Chamberlin v. Estate of Chamberlin

16 Vt. 532 | Vt. | 1844

The opinion of the court was delivered by

Williams, Ch. J.

We can perceive no question of law, decided by the county court, which calls for a revision.

It appears that Charles Chamberlin, in the year 1833, made a will, in which he devised to Abiel Chamberlin, the appellant, twenty acres on the north side of No. 10 meadow lot, and twenty five acres on the north side of upper meadow house lot No. 41, and also the equal half of a barn; the residue of these lots was devised to John Y. Chamberlin, now deceased. After the death of John V. Chamberlin, Abiel Chamberlin made application to the court of probate for a division of the real estate of the said Charles Chamberlin, agreeably to his will; the court of probate thereupon appointed a committee, whose doings were returned to and accepted by the probate court, — from which Abiel appealed.

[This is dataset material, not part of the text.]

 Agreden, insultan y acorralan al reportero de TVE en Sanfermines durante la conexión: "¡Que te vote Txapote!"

The decision of the county court affirmed the decree of the probate court, and to that decision Abiel excepted. On these exceptions the case is now before us.

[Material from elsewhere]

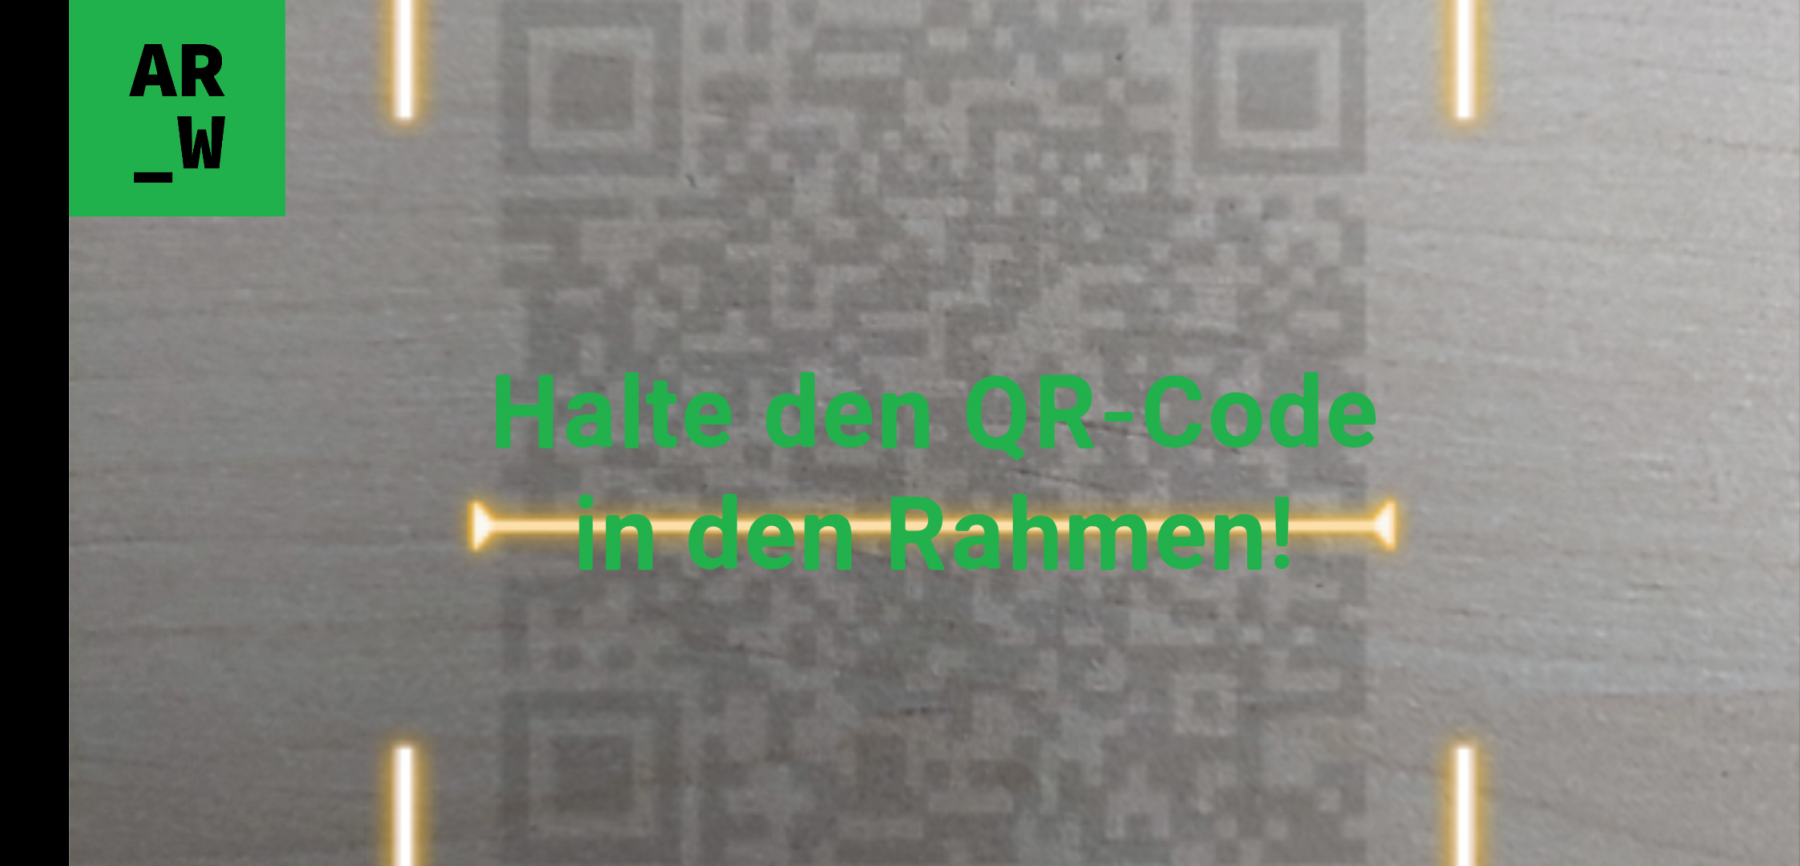 QR-Code für scannen

Among his other exceptions, he contends that the lands were devised to him and John V. in severalty. This exception certainly comes rather unfavorably from him, as it was upon his application that the committee was appointed. We have no doubt, however, that the appointment of the committee was both necessary and proper, unless a division had been agreed on among themselves. A committee was necessary to separate and set off to the devisees the different portions assigned to them. The eleventh section'of chapter 48, and the fourth and eighth sections of chapter 53, of the Revised Statutes, not only authorized, but required, the appointment of such committee, if the devisees did not agree.

In making this division, or severance, the committee could only follow the provisions of the will; and they have done this, precisely according to the directions therein contained. It was not necessary for them to make any mention of the barn.

*538It is again complained, that the committee did not follow the line agreed on by the parties. This they were not authorized, or required, to do. If the parties had made a .division, so as to be conclusive between them, there was no necessity for the appointment of a committee, and the appellant was unfortunate in making the application procuring their appointment. The committee could take no other guide but the will, without any regard to the agreement of the parties. The views of the law, on this subject, are mistaken by the appellant. A division line between two proprietors, agreed upon, is not binding between them, unless it has been acquiesced in, and possession has been conformable thereto, for fifteen years; White v. Everest, 1 Vt. 181, and Campbell v. Bateman, 2 Aik. 177.

The same remarks will apply to the other objection, as to the twenty five acres. The committee have set that off according to the will, and if it is not in a convenient shape for the appellant, the misfortune is, that the will was not different, not that the committee have mistaken its provisions.

The committee placed the true construction on the will, when they excepted the house, and the land around the same,’ out of the twenty acres devised to the appellant, as the will is express to that effect.

The judgment of the county court, affirming the decree of the probate court, is affirmed.